In English 203 I’ve been working with Wordseer as part of a group specializing in that tool. Because I’m new to the digital humanities field, I am also new to the tool Wordseer. In order to better understand Wordseer and how it helps me study the digital humanities, as well as to help along the other students in my class in it’s understanding, I came up with a couple of questions.

The first question I asked, and the one was “what is one use of Wordseer?”. What I found was that Wordseer is unique, among the tools in the Digital Humanities that I’m familiar with, in that it has a search function to find how words interact with each other. This is helpful in finding the opinions of characters towards certain things or other people. It is better to do this with specific people or places or things. Using Hamlet as the text, I entered Ophelia described as blank so as to find how the characters felt about or viewed Ophelia.

Ophelia described as blank

Ophelia described as blank

The results show that Ophelia was fair, poor and sweet. I can see this as a very useful and important tool because it gives me a good idea of how Shakespeare intended us to view Ophelia, as well as the overall opinion that the other characters have of her.

We can also go to the bottom of the page and look at the results in a better context.

This section of the tool is useful because it helps the user to understand the specific situations that the word is used in. The word is shown with a few lines around it, this allows the user to get the mood and the tone of the situation the word is used in. One problem, though, with this section is that it tends to be a limited view of the word, but, by clicking on the indicated icon, you can read the full section of the text that the word is used in and the text from the search page is highlighted to let the user know where the word is in the text.

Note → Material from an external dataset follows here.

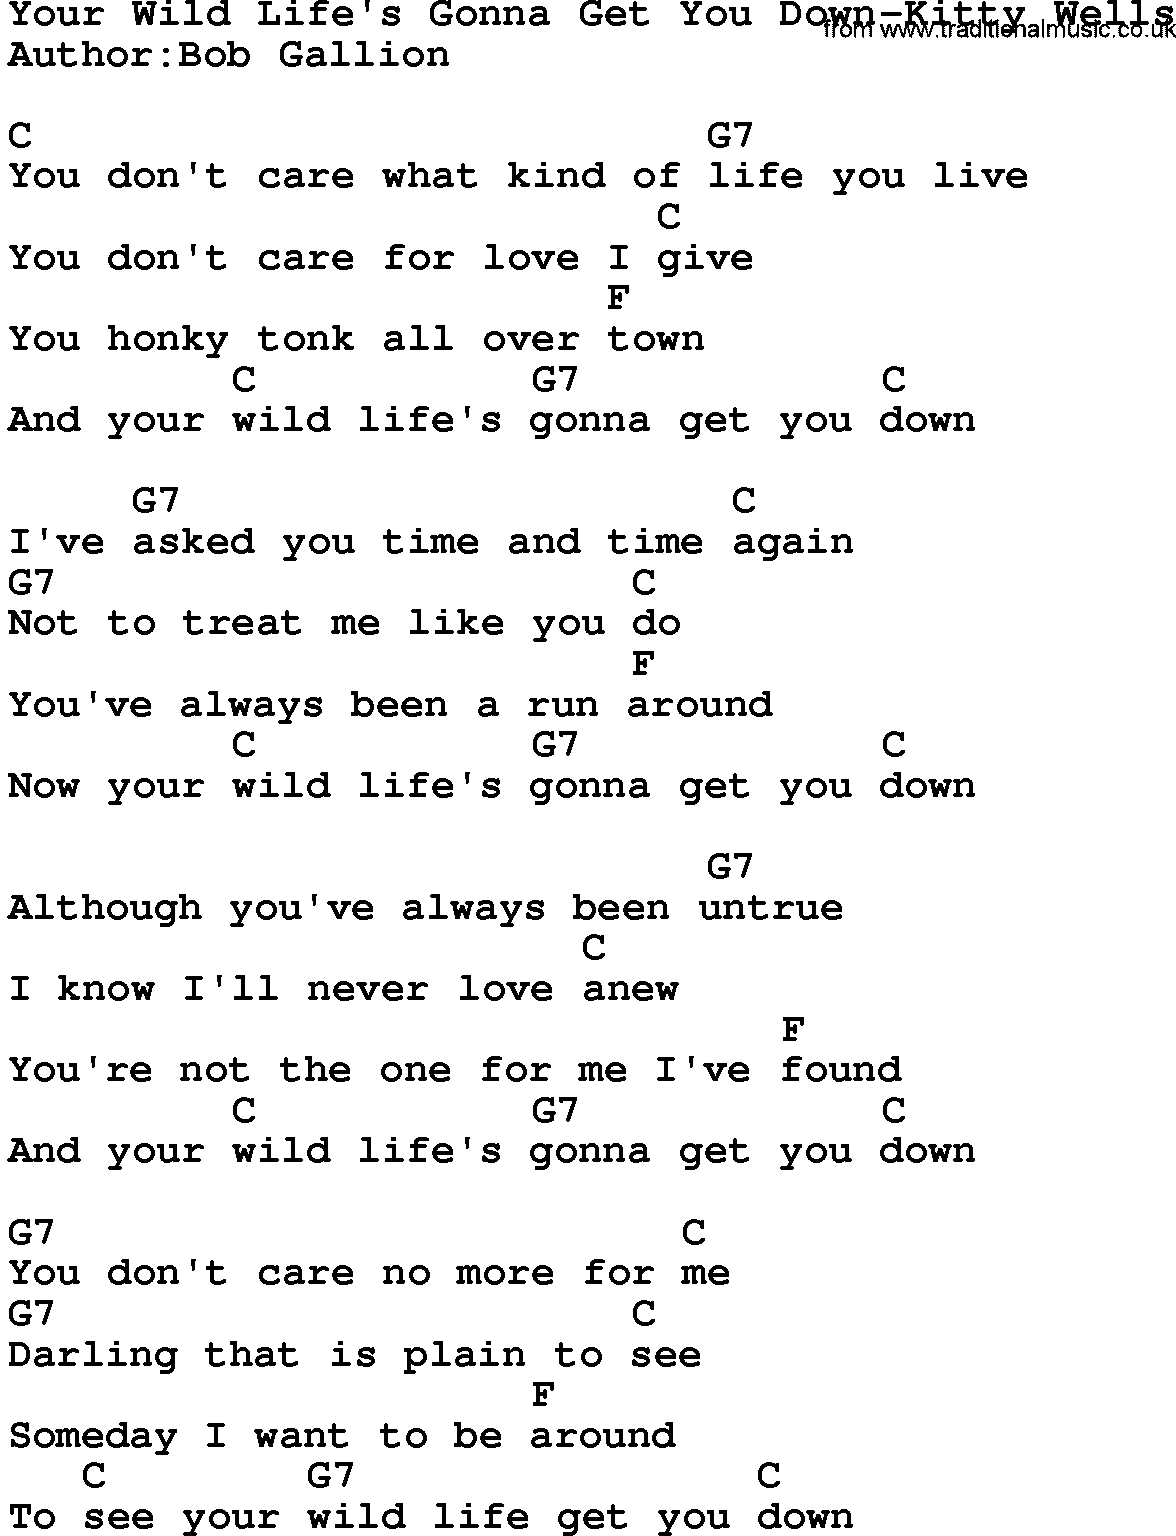 Country music song: Your Wild Life's Gonna Get You Down-Kitty Wells lyrics and chords

This allows the user to know who is speaking, also allowing the user to know how that character feels about the word he or she searched for. In my case, from this search and only a few lines around the given sections of text surrounding each use of the word Ophelia I can find out these things about her in a very short amount of time:

  • She is fair of appearance.
  • She grows mad sometime during the play.
  • She drowns sometime during the play.
  • Hamlet in particular thinks her beautiful.
  • When she dies she is deeply missed by Laertes.

From this narrative, I’ve learned one excellent way to interpret a text with Wordseer. Using the search function, a user can interpret what a character place or thing is like. This is a very helpful function in literary analysis in that it can help define a character.